Well early on, I don’t want to say it’s the craziest thing that happened, more like crazy challenges. When we started our menu in Napa, it was really-really traditional. We had the Arepas, which is the white corn pocket, stuffed with the different things, and then we had the Cachapas, people were asking for the different combinations, like: I want plantains with chicken salad in the sweet corn pocket. I mean, I wouldn’t eat that, but if you want that, that’s what you want do, you can eat it.  I wouldn’t say crazy, it’s just interesting to listen to customers interpret your food, and being open. In terms of crazy stuff dealing with the city, like our neighbors upstairs they just throw random stuff at customers here, just because. It’s just navigating the city.  It’s just what the Mission is. You know if you want to be part of the city you have to be able to live with that.  One crazy thing is, where we are standing right in front of this mural, when we bought this place 5 yrs ago, it was a different mural. And the guy that did it was an LA artist. And the graffiti artists here got really mad at him, because he was taking a wall from them and not local, right? They erased his graffiti and then they did [painted] something. And then the guy came back and he did [painted] something. So we had these 10 days of graffiti work. So every morning, the guy would come and throw the paint on the restaurant window. Can you see all this red paint? It’s because, they were just throwing paint at the other person’s graffiti. If you go on to my blog, I have this title called Graffiti War and I have it all documented. And that is one of those things that has nothing to do with food, but has everything to do with the “thing”, it’s a living thing. Yeah, because people are walking in and they are like…crazy. What can I say? There was another instance that I remember when a disgruntled employee left us a black pigeon with needles on the front entrance.  It required some serious cleansing.  That’s some real Mission stuff right there!
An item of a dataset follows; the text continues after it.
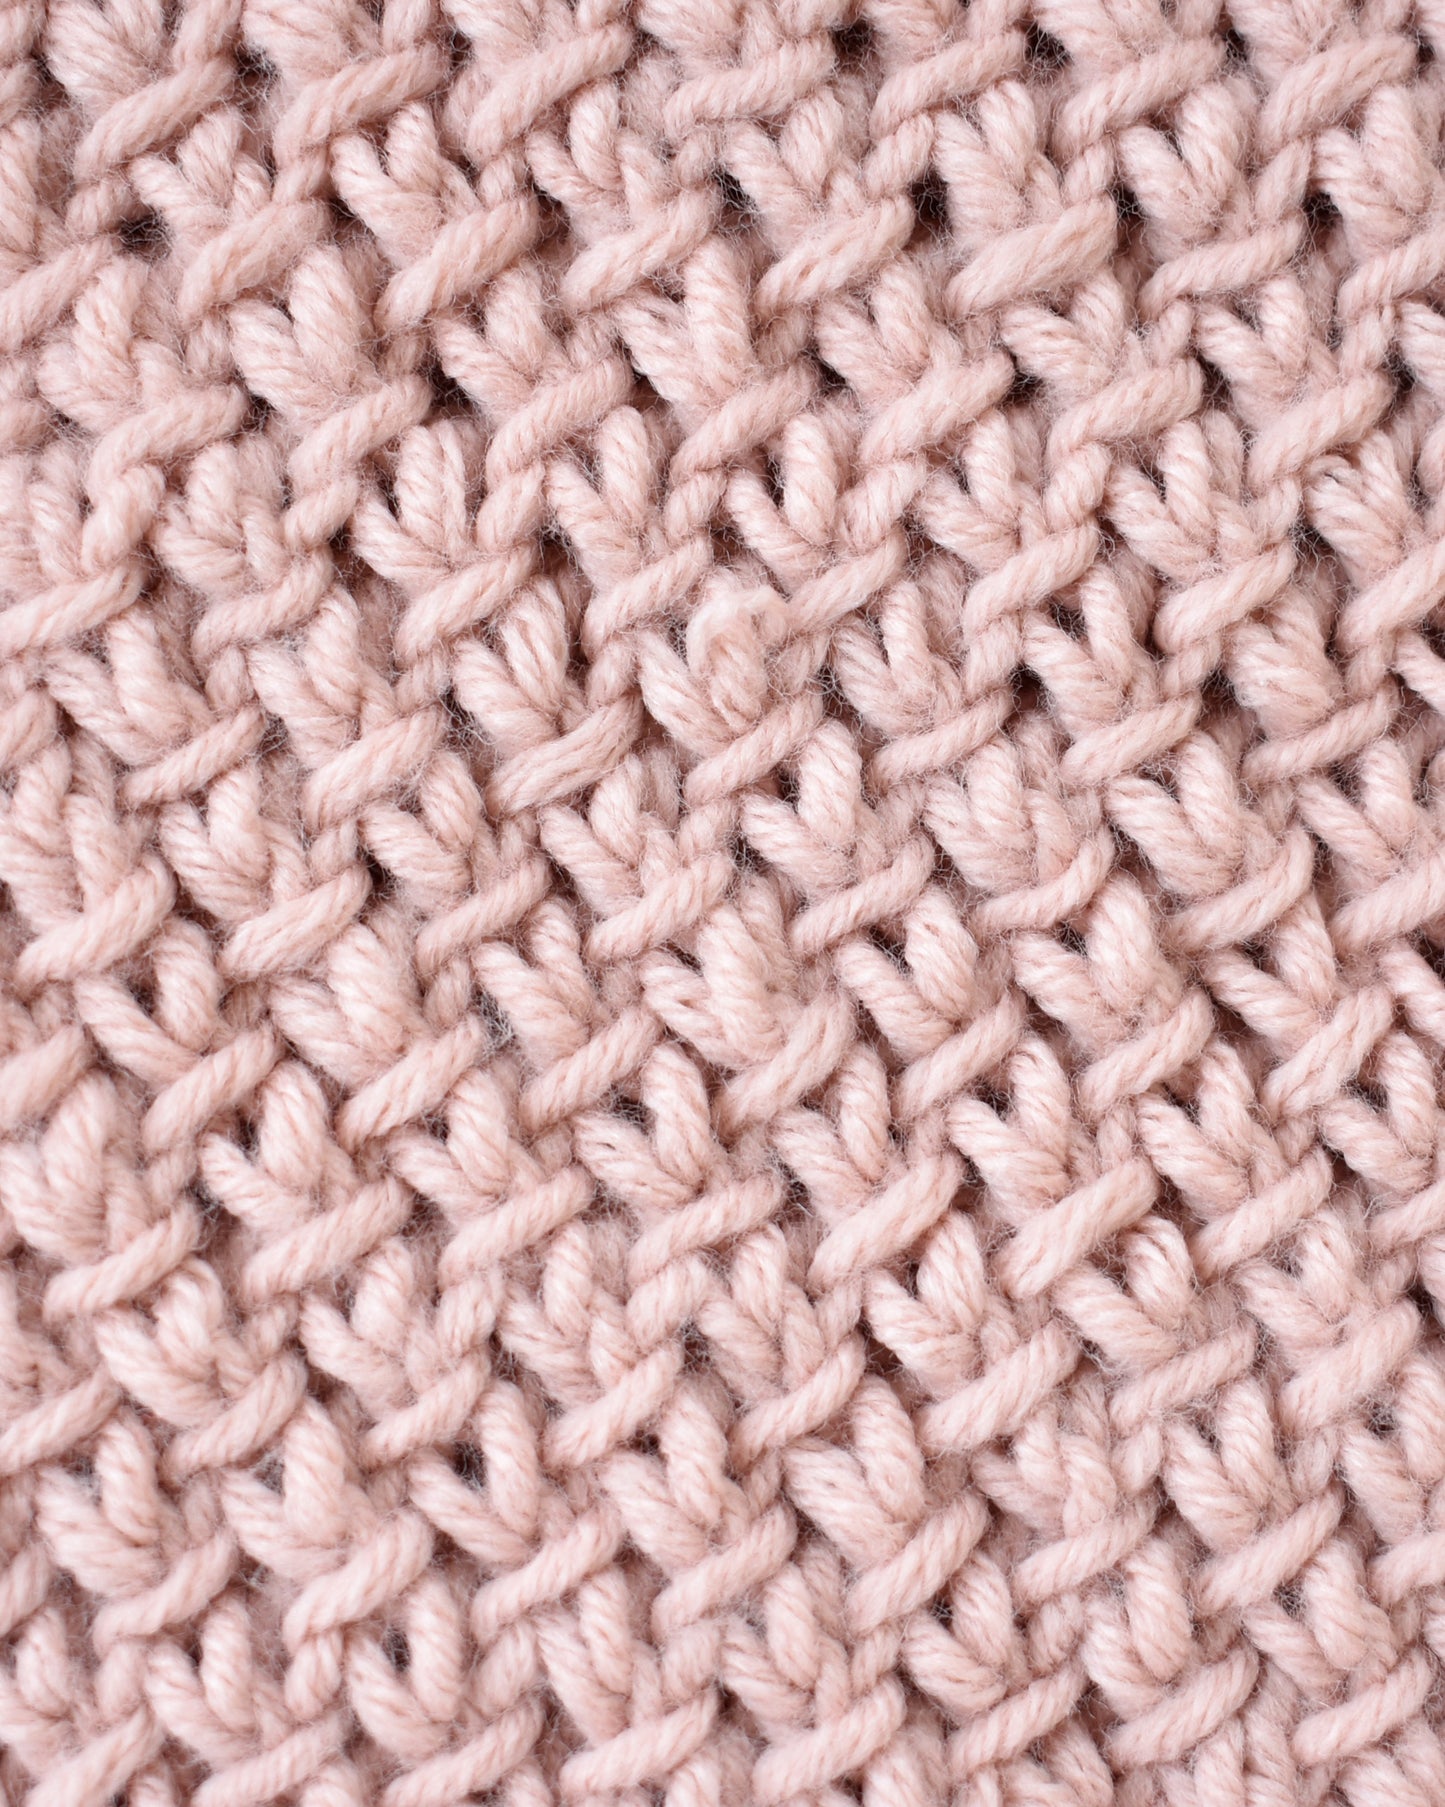 Sweater No.12 | Knitting chunky sweater pattern

Do you like where Mission is going and how it’s changing?

I don’t know. I think it’s a bigger question about San Francisco, right? And what’s going in San Francisco. I have an issue with the fight of the city not becoming affordable and just pushing people out. And it is going to change the soul of the city. But you know it’s probably cyclical, they can go, and they can come back. What I hate is, the sense that “money can buy anything”, and that is not true. And people feel like, they have a sense of ownership because “they can buy it”, and it’s like “no, you don’t own it”. So, I don’t know, I have mixed feelings about it. But at the same time, sales are up, people are out, they are spending money, people are downloading apps, so it’s very creative, it’s a different creative process, and that’s good. So I have mixed feelings.

What is your cooking philosophy?

Few things, One, I’ve never been attracted to extremely eccentric ingredients, things that are not easy to either find, or that you have to pay too much for, or that people cannot connect to. I like simplicity. I do believe very much in fresh, fresh food being made the fresher the better. I think where your inspiration comes from is really important and what you cook, and people find inspirations in different things. For me, it’s family and my heritage.

What do you want people to take away from your restaurant? And the experience they have here?

I want people to come in and say something different. It’s an ethnic experience. It’s food from Venezuela. It’s also 100% gluten free and naturally so. And it’s so because corn, plantain, yuca, and taro roots (which are core ingredients), those are 100% gluten free. And you can have delicious food without compromising the flavors. And that’s something we feel very strongly about. I want people to come out feeling satisfied and closer to something new that they didn’t know.